A decade ago, the state Legislature exempted payday loans of $500 or less from the maximum cap, allowing an annual interest rate of more than 450 percent to be charged. In response, payday-loan establishments sprang up by the hundreds in storefronts across the state. By 2008, according to Higuera, there were 110 in Pima County alone.
The Legislature, however, placed a 10-year sunset clause in the exemption law, meaning the payday-loan industry would expire in 2010 unless it got an extension.
Two years ago, payday-loan companies poured $14 million into a ballot initiative and a corresponding campaign to convince Arizonans that the industry had merits. However, the attempt at a continuation was crushed at the polls.
Payday-loan lobbyists then tried to get this year's Legislature to grant a last-minute reprieve, but that effort also failed.
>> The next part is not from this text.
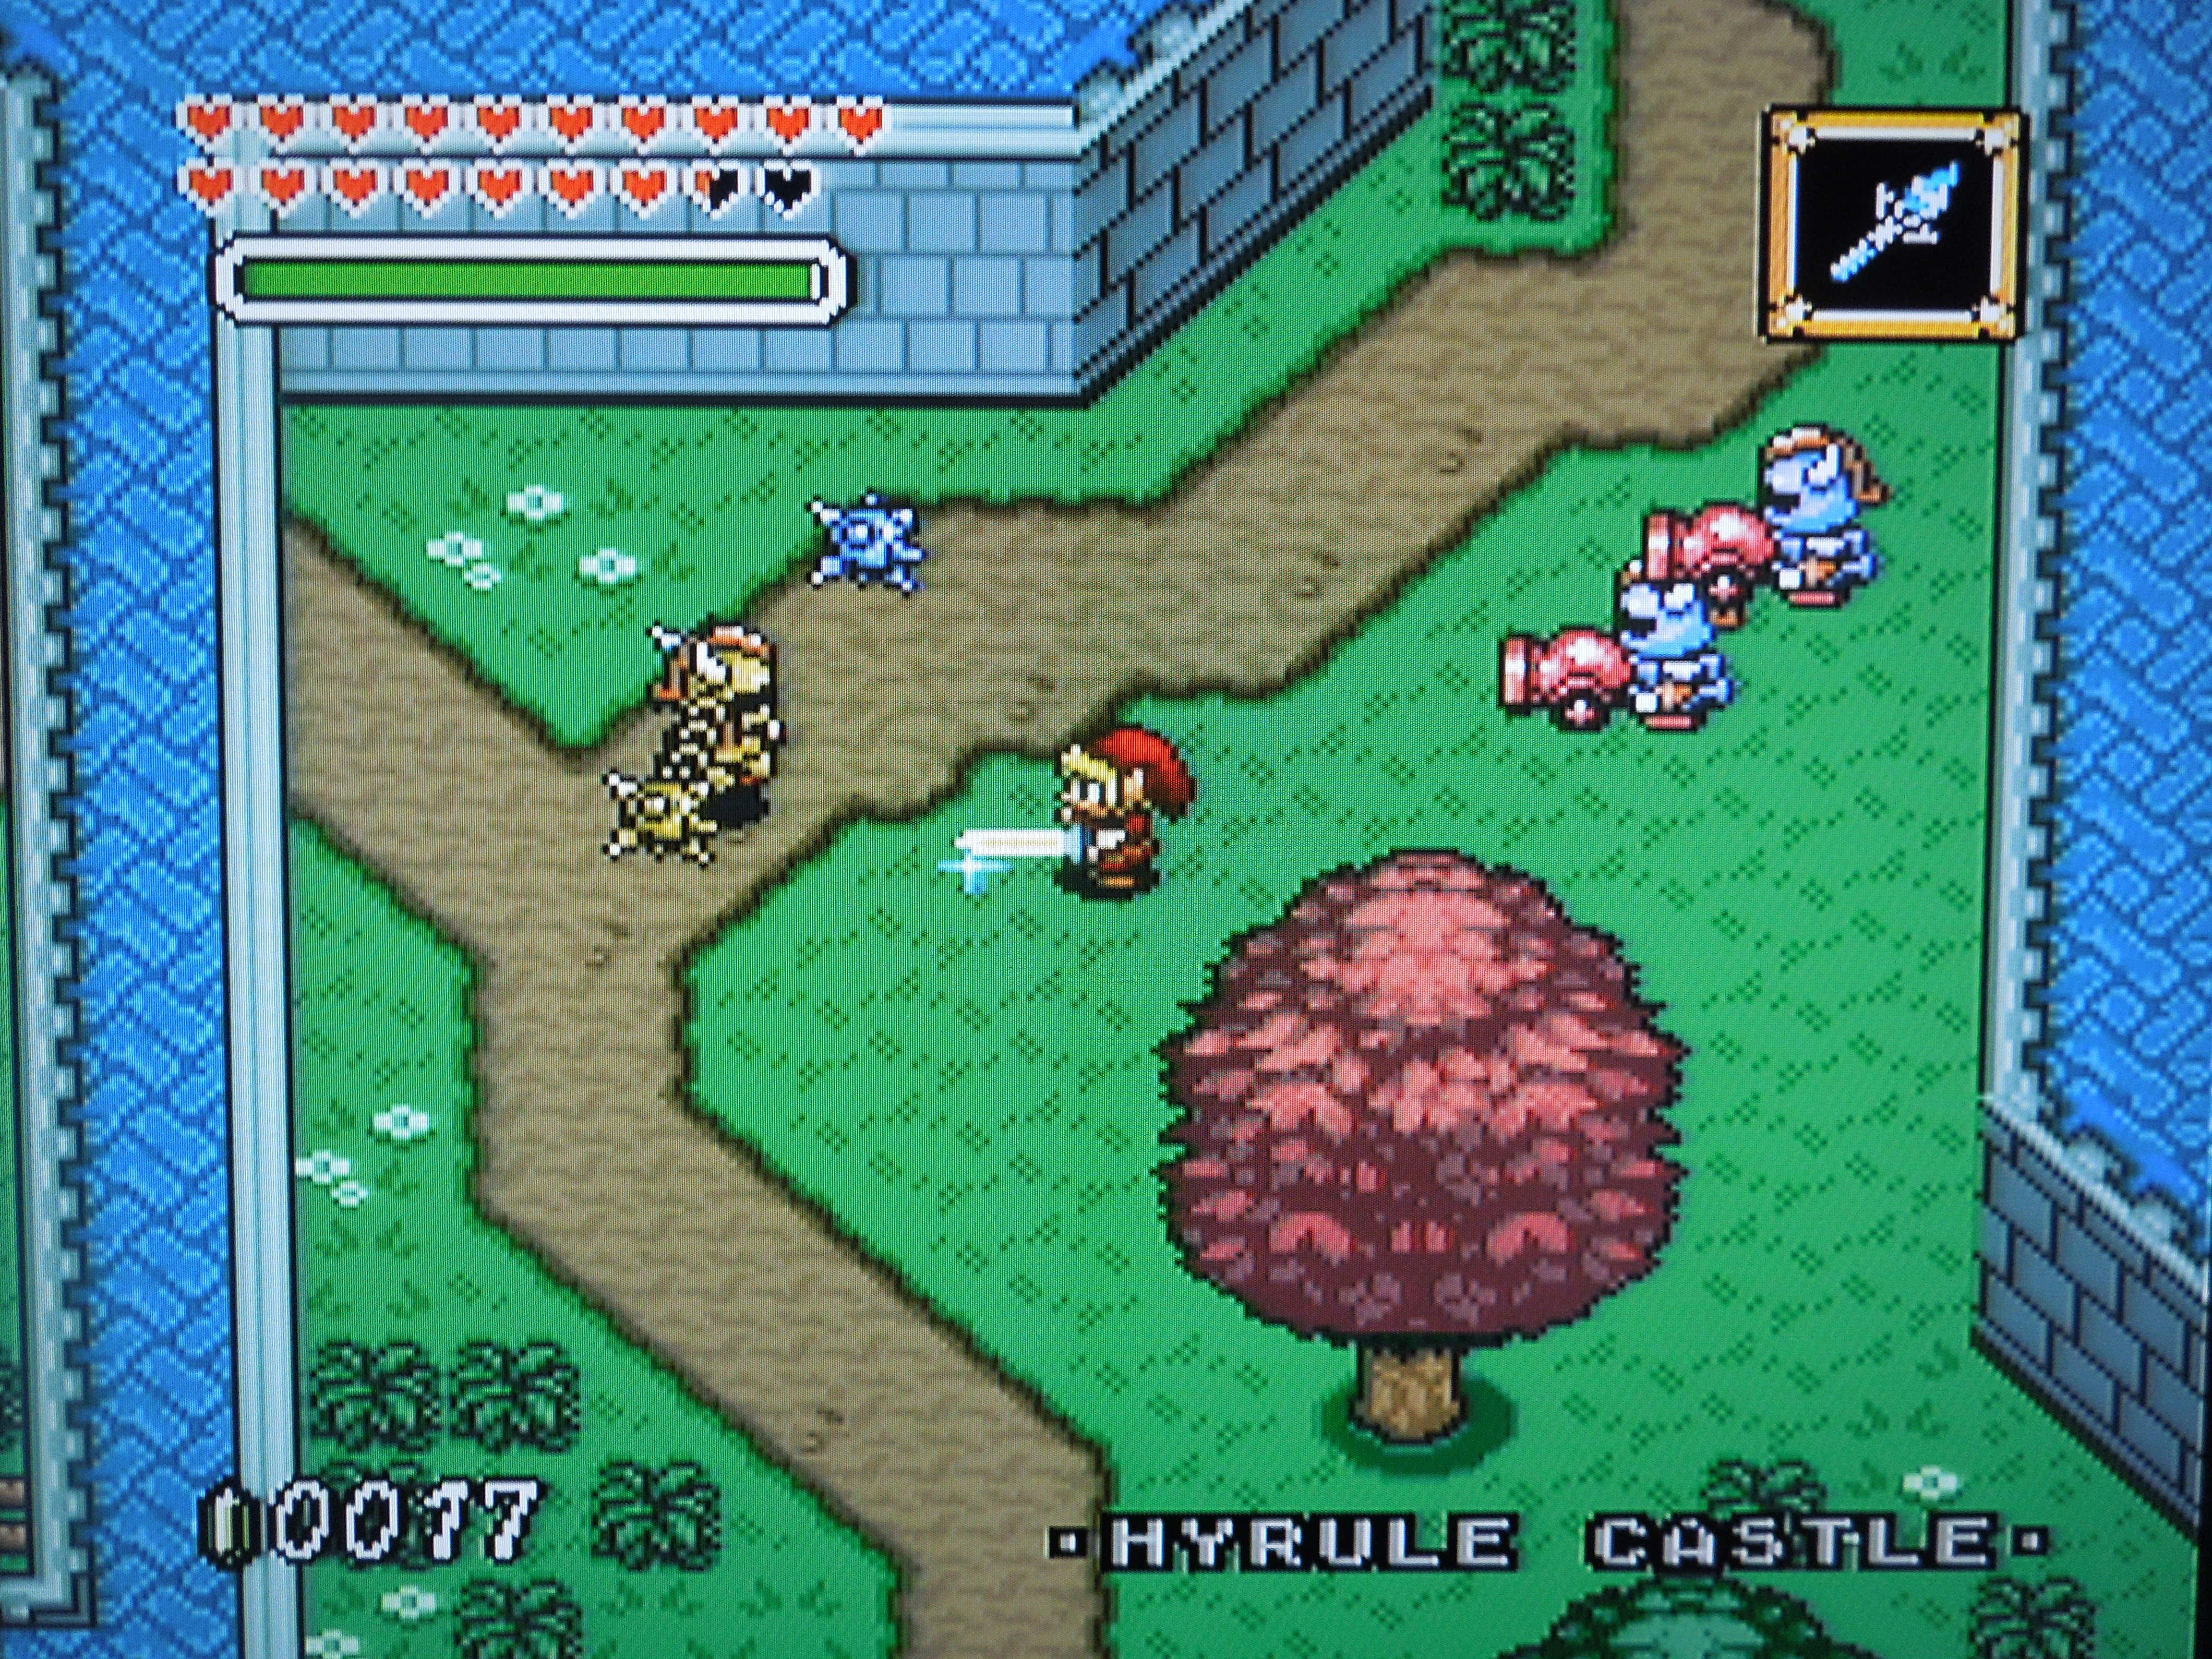 Zelda for super nintendo | The Legend of Zelda: A Link to

"That was a bipartisan rejection," Higuera says of a Legislature not usually known for cross-party cooperation.
Higuera says the almost-all-volunteer effort to end the payday-loan exemption is a major accomplishment.
"It showed that grassroots activism still works," he says. "There are a lot of people interested in seeing the end of this predatory lending."
However, it wouldn't surprise Higuera if lobbyists made another attempt to revive the industry next year. In an e-mail, he writes that in 2008, Tucson's payday-loan businesses "were doing a combined $130.7 million in loan volume. Of that, we can estimate that $99.3 million of that was based on churning loans to repeat borrowers."
Churned loans, Higuera says, represent 76 percent of the payday-loan volume: These loans are made to borrowers "who have to take out another payday loan before their next pay period after 'paying off' a previous payday loan. In other words, the industry's entire business model is based on the trapped borrower."
After July 1, however, those loans will no longer be legal. To ensure the loans are no longer being made, Arizona Attorney General Terry Goddard, who is running for governor, launched Operation Sunset last week.
As part of his office's effort, Goddard sent out a letter to the industry, saying: "Be advised that I intend to use every available legal tool to enforce the sunset of payday loans in Arizona."
While payday-loan stores may try to change the types of loans they offer in an effort to stay in business, Higuera doesn't think those efforts will succeed.
"Within 18 months, I anticipate the majority (of payday-loan businesses) will have closed, because payday loans were their cash cow," he predicts.
The disappearance of these loans won't bother Jimmy Estrada. As he left a store last week that offers payday loans in addition a number of other services, he acknowledged that because of a family crisis, he once obtained a payday loan.
"It won't inconvenience me, because I manage my money better now," he said.